Режиссер предлагает свое объяснение сцены, умозрительное истолкование ее смысла. Это истолкование дает возможность понять замысел, оценить его по достоинству. Это немало. Но результат все-таки достигается сложением множества величин. И одно из слагаемых, главнейшее, — смешок актера, и стук его палки, и взгляд, который он кинет на стену, прежде чем спуститься вниз. Взгляд неожиданный — кажется, Гойя чего-то испугался, но чего? Ведь в комнате он один — он и картины. Потом, когда весь эпизод будет сыгран, будет понятен и этот взгляд, но, даже логически не осмыслив его, мы оказываемся во власти чувства, которое испытывает актер. Тут напряжение, тут ожидание, тут глубоко спрятанная (и от себя тоже) тревога. Именно поэтому «ренессансный пир» столь неуравновешен, столь дисгармоничен. Нет безмятежного застолья, нет наслаждения едой, нет покоя.

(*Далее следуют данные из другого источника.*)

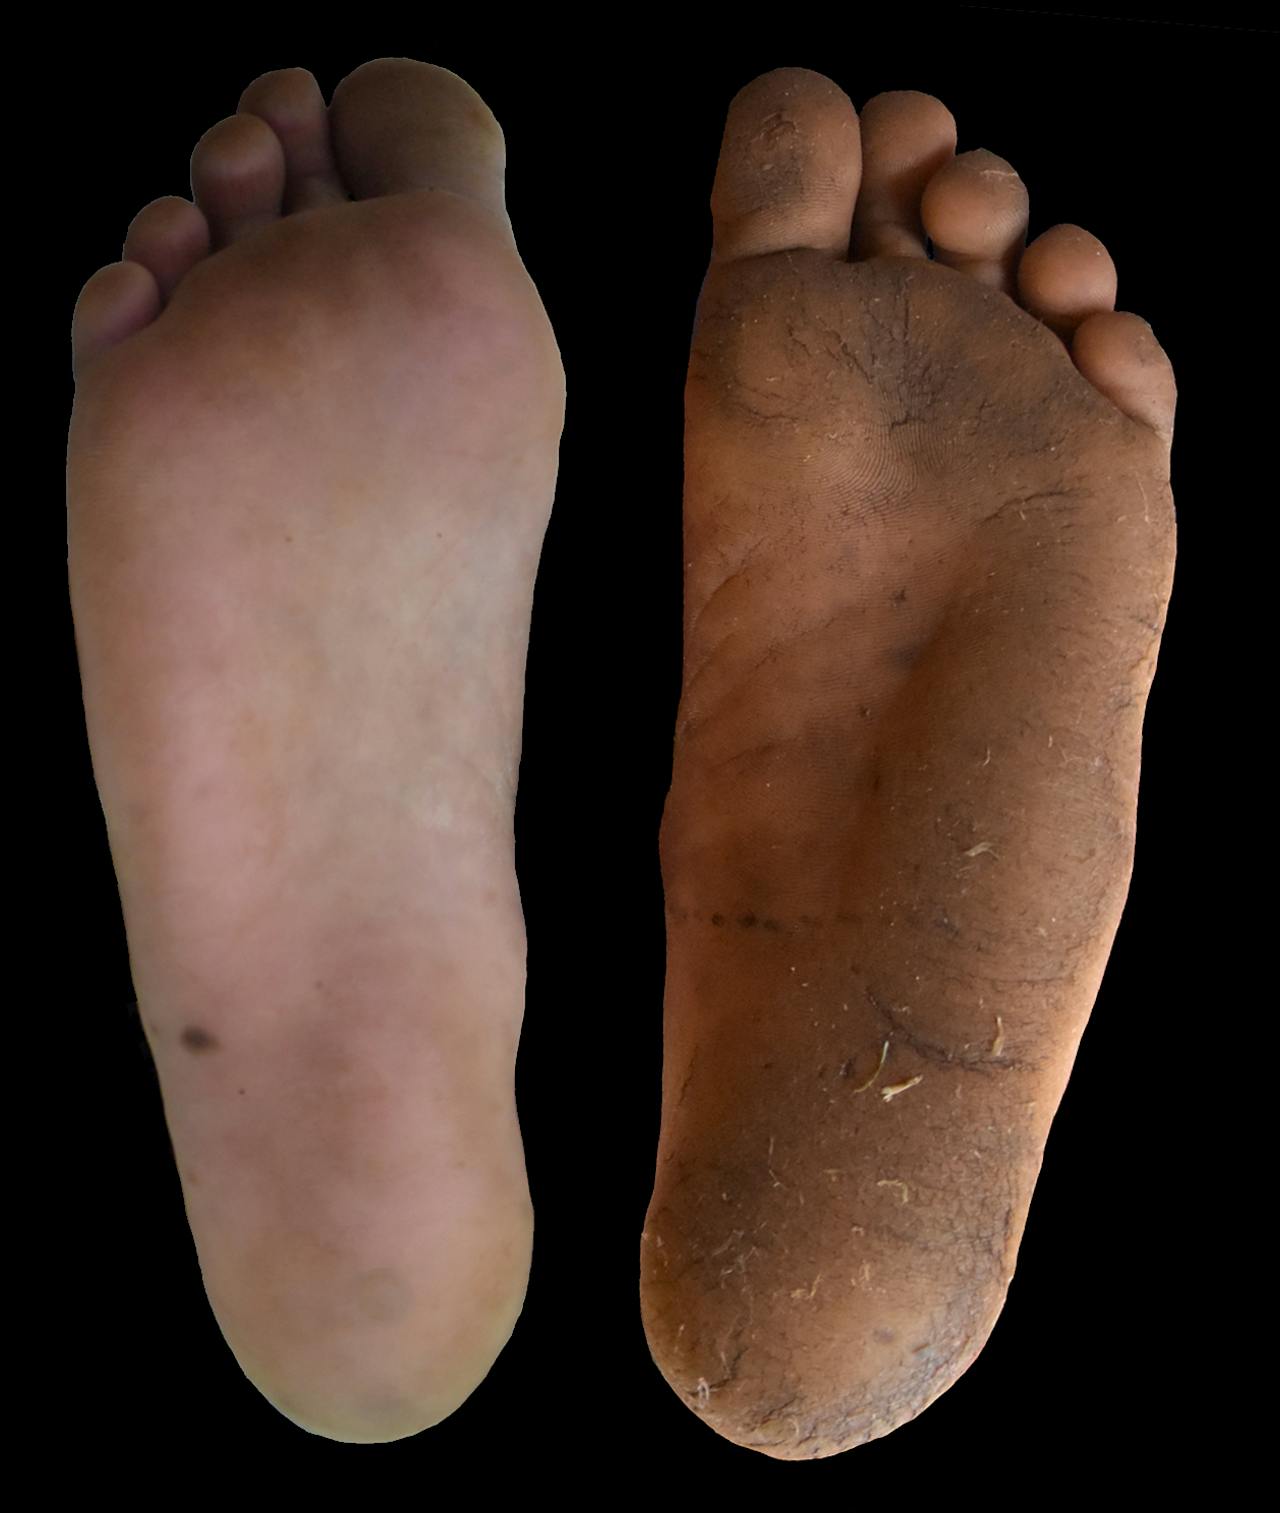 Twee voeten die het verschil laten zien tussen voeten zonder eelt en voeten met eelt.

Те, что на стенах, они им, конечно, пригвождены. Но надолго ли? Там наверху, на антресолях, он испугался своего собственного Колосса — вдруг явственно показалось, что тот хочет его схватить. Разумеется, чепуха, он тут же над собой и посмеялся, но если вполне честно — схватить-то его они должны… Все это знают, все предупреждают, а он делает вид, что не верит. Ах, будьте вы прокляты, все вы, с которыми связал всю жизнь, с которыми воевал всю жизнь и от которых освободился теперь, сейчас!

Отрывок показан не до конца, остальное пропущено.